=== TASK STATEMENT ===
Only the lines from the one containing "IPL 2021: Zaheer" to the end of the data below belong in the answer, each repeated exactly; no pictures.

=== AVAILABLE DATA ===
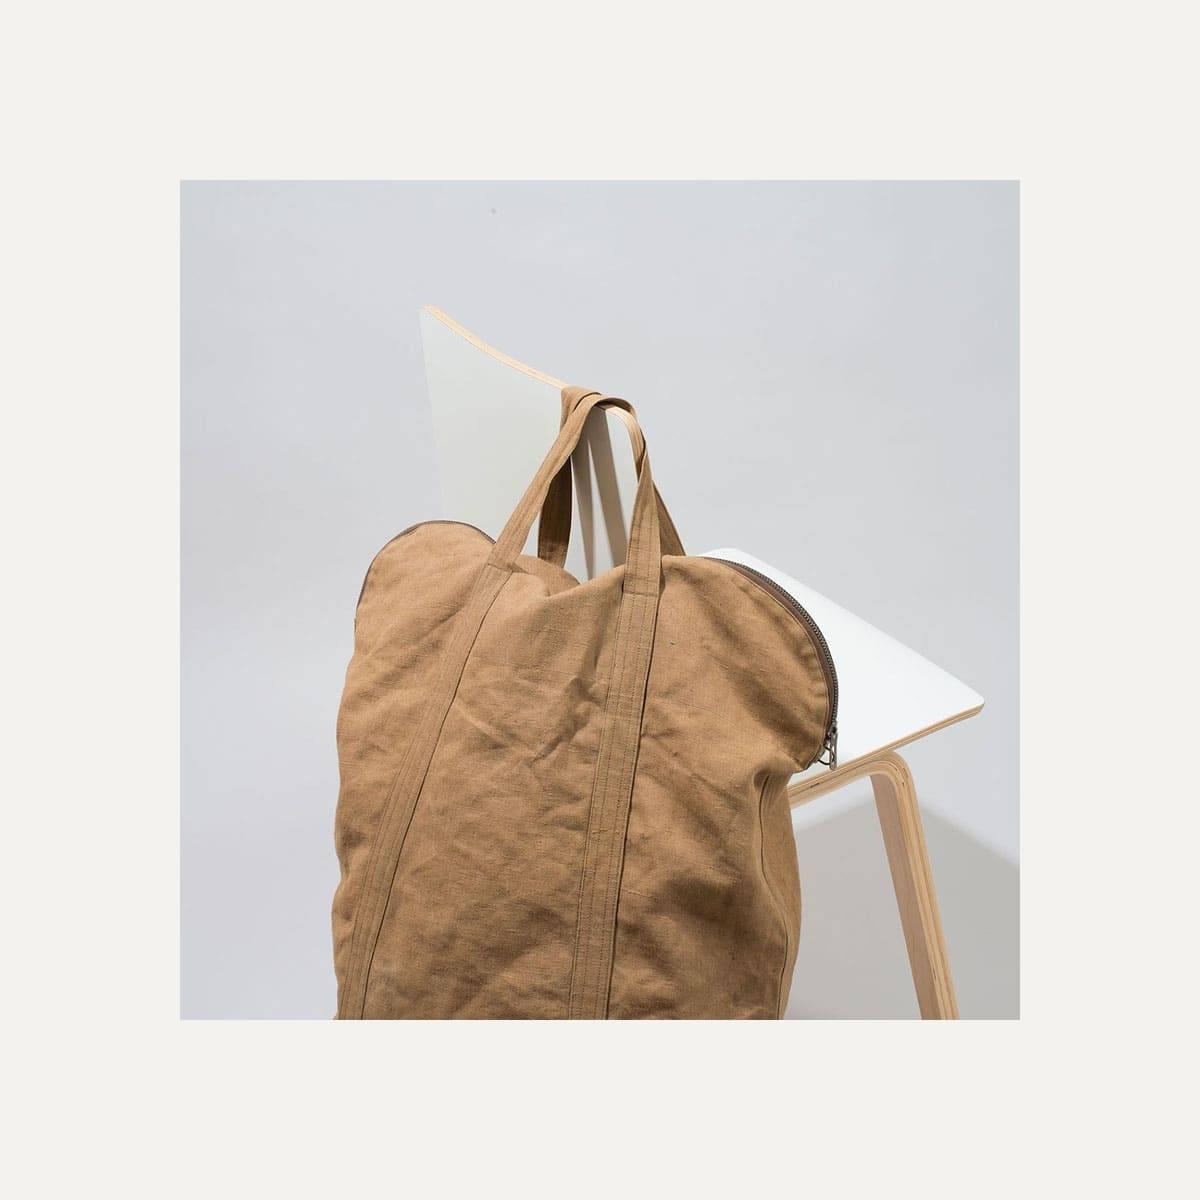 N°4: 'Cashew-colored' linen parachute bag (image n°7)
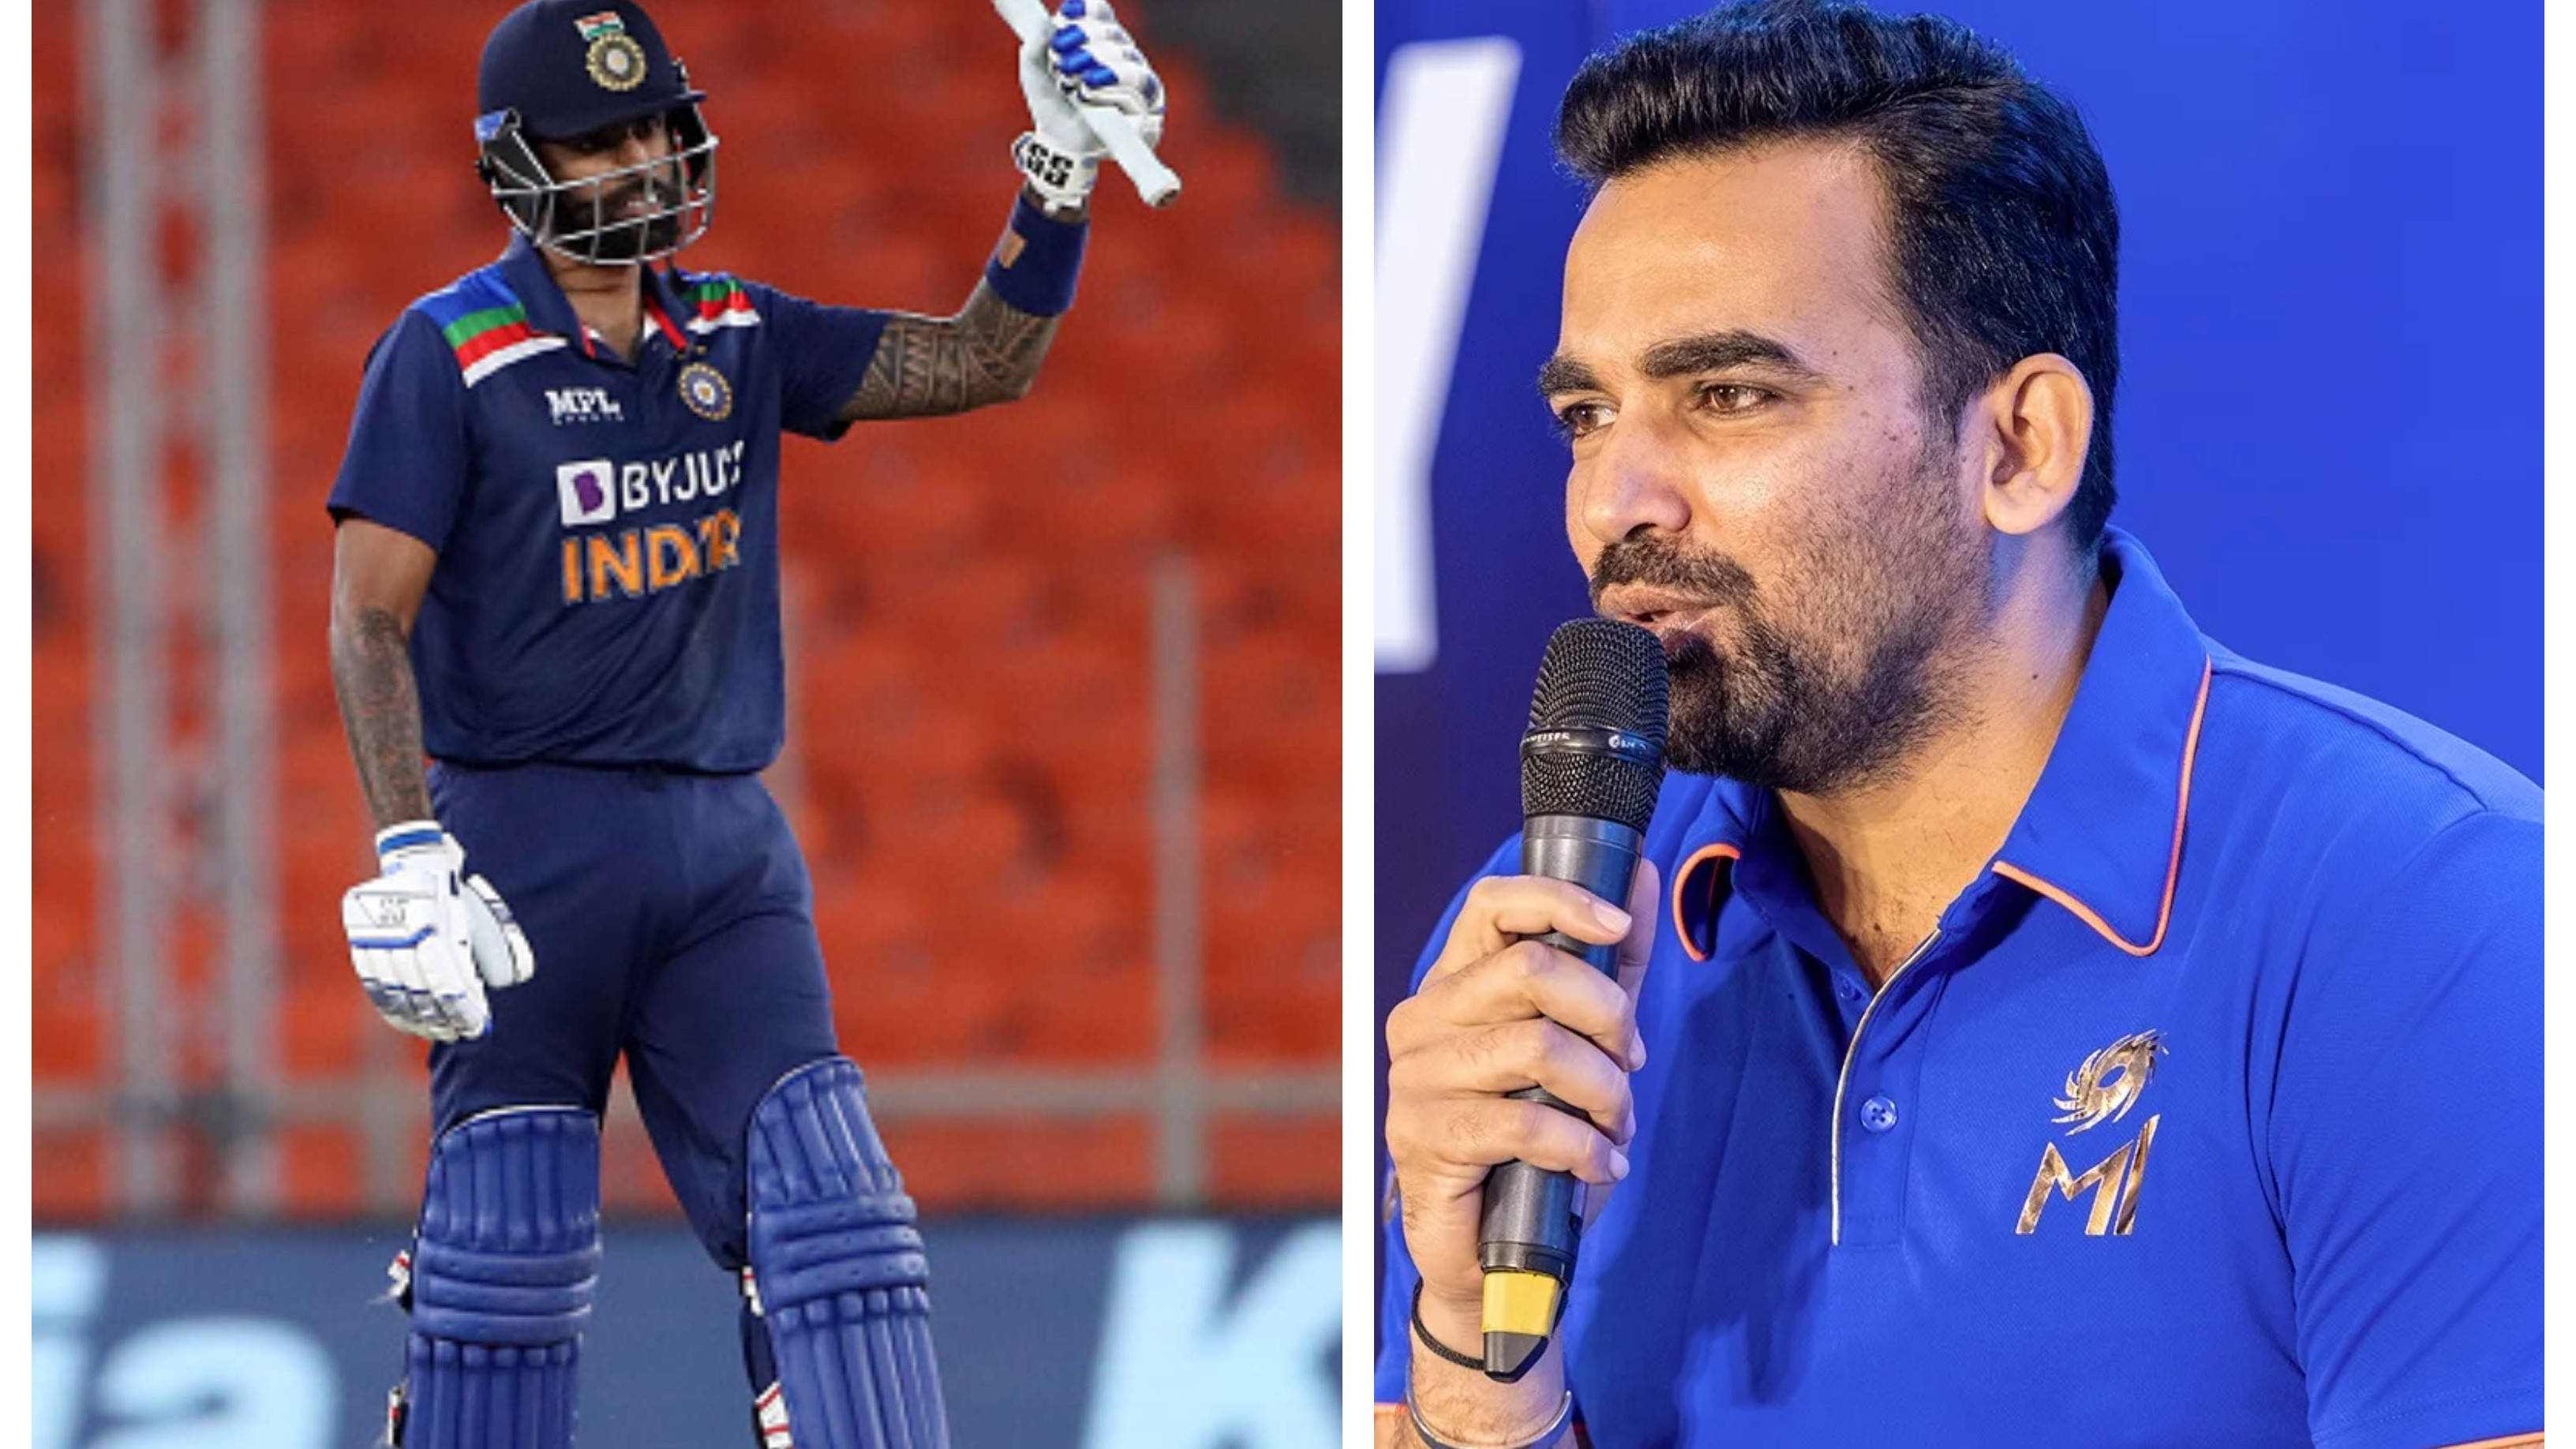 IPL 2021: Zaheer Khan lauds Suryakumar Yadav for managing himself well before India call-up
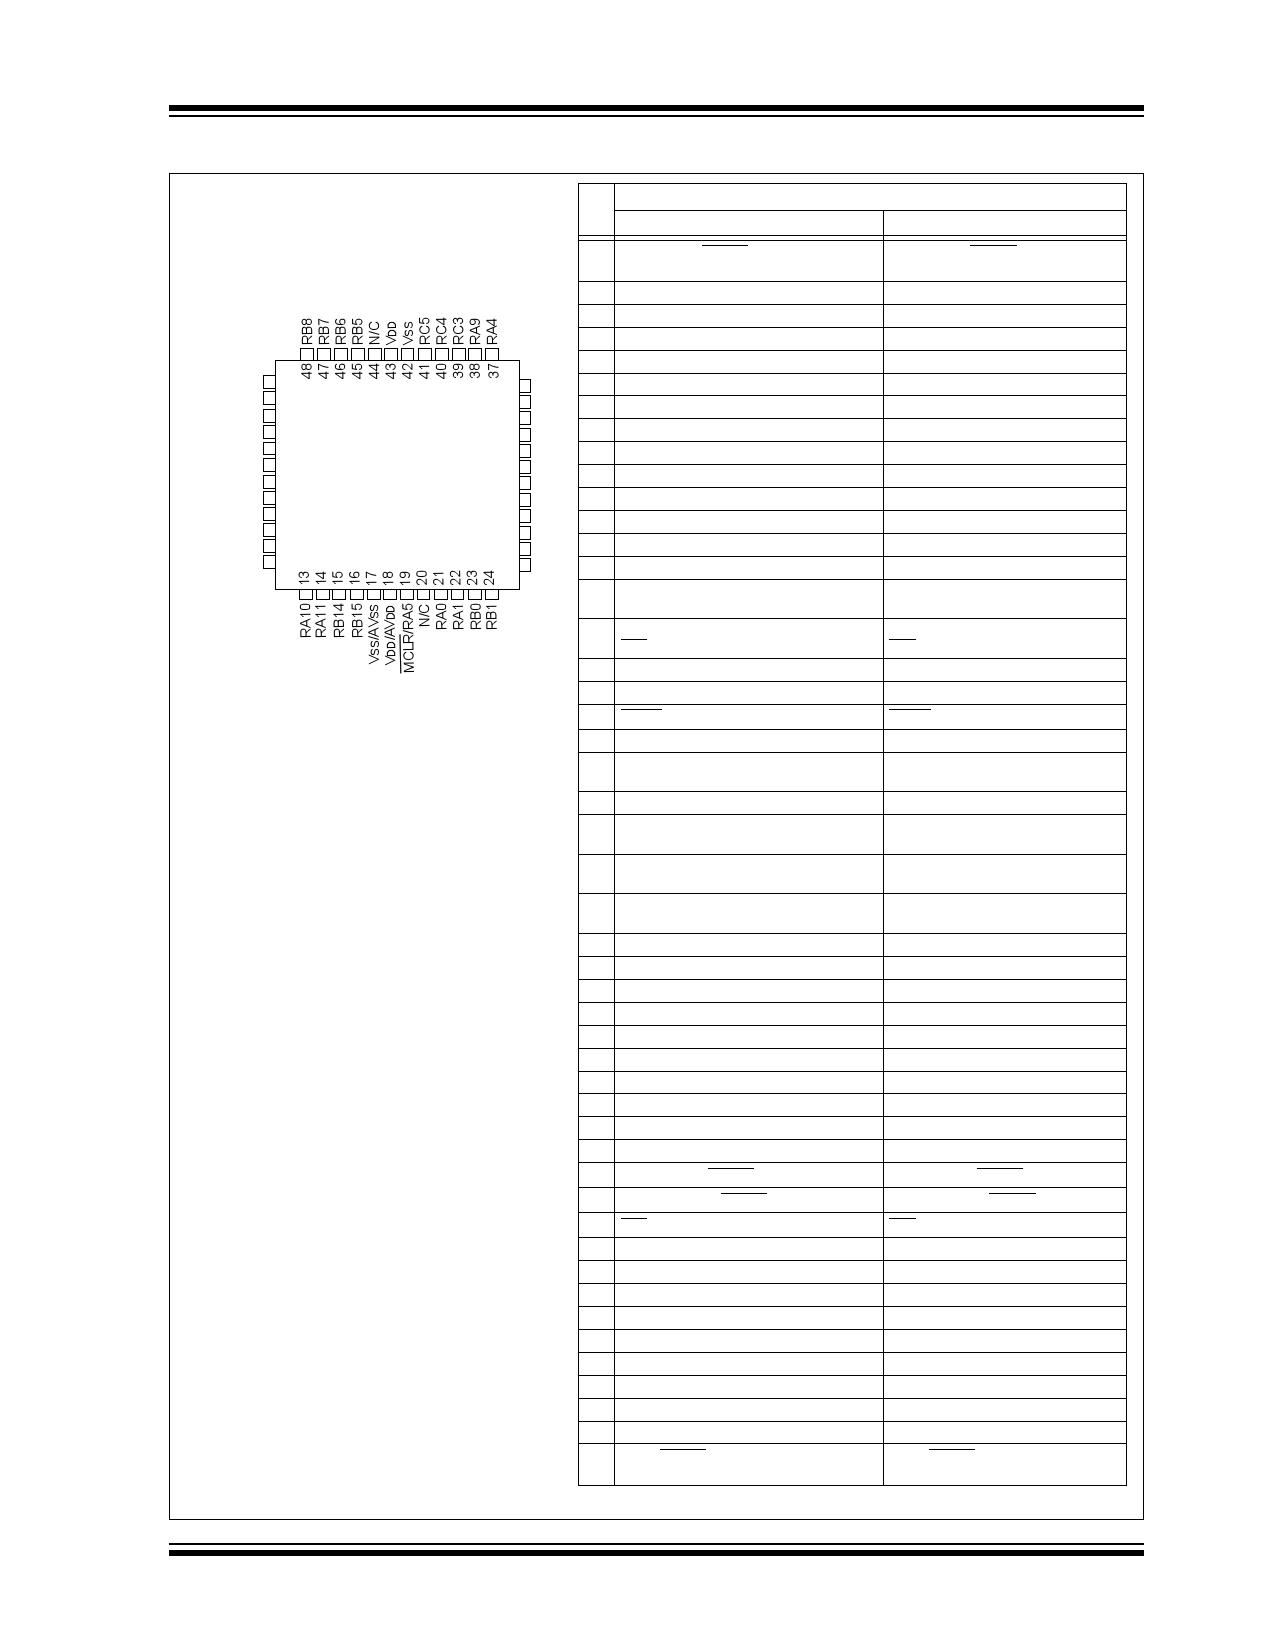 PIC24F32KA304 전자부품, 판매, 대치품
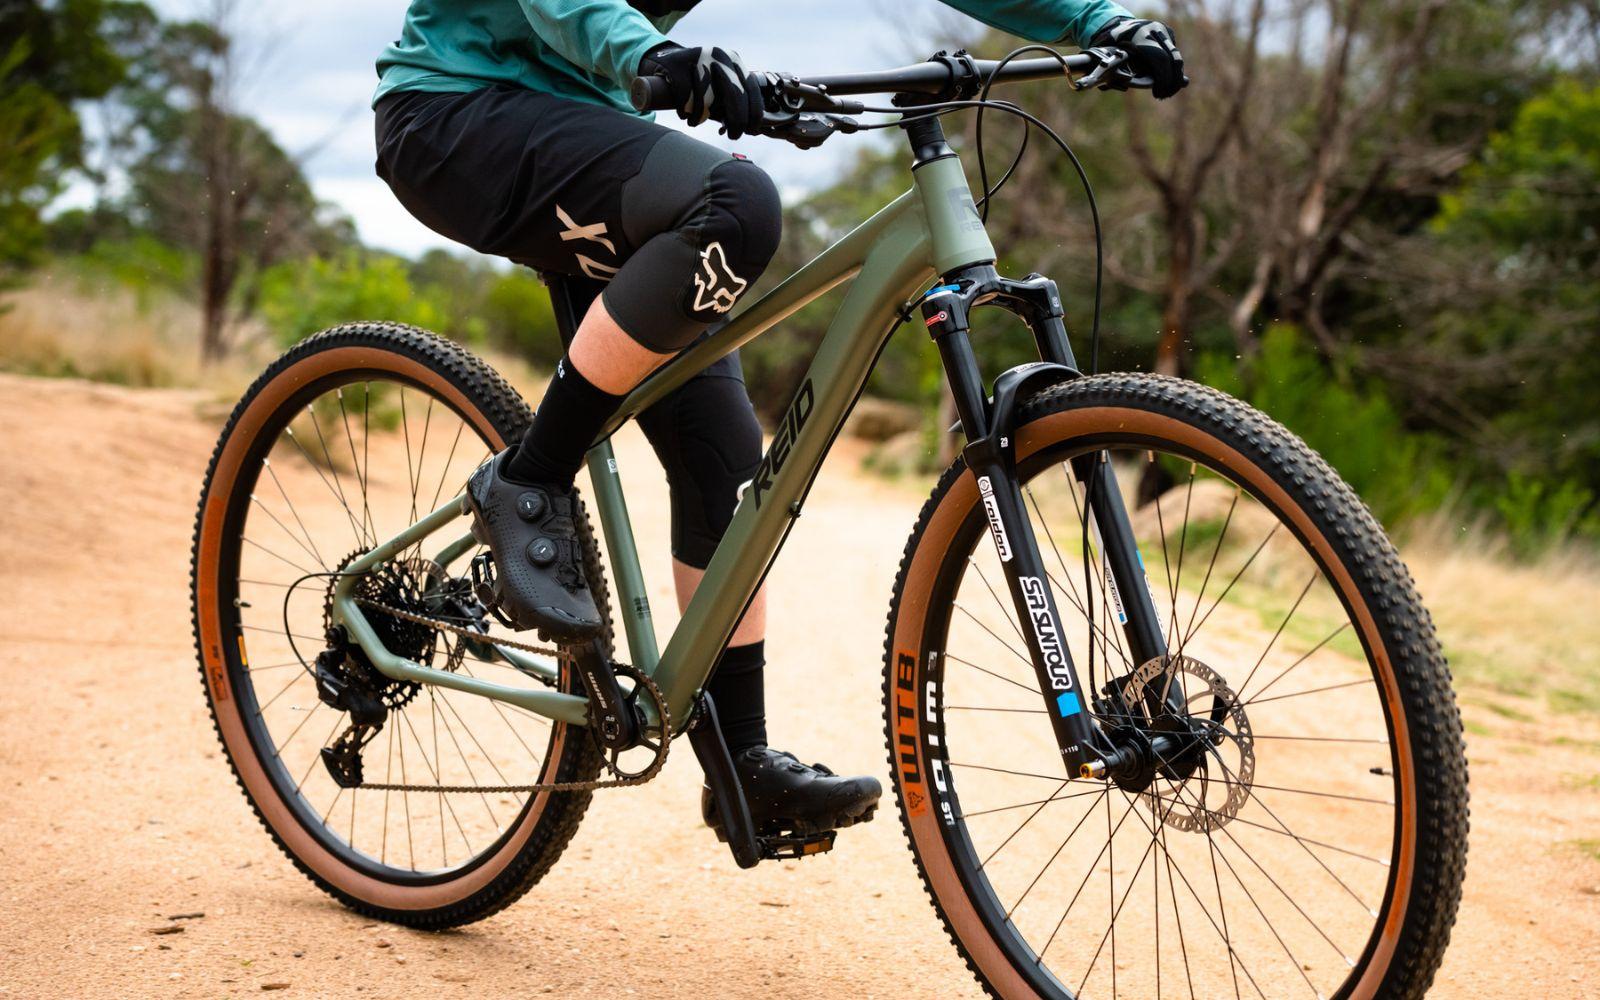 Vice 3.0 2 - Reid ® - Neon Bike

=== RESPONSE TO THIS TASK ===
 IPL 2021: Zaheer Khan lauds Suryakumar Yadav for managing himself well before India call-up
 PIC24F32KA304 전자부품, 판매, 대치품
 Vice 3.0 2 - Reid ® - Neon Bike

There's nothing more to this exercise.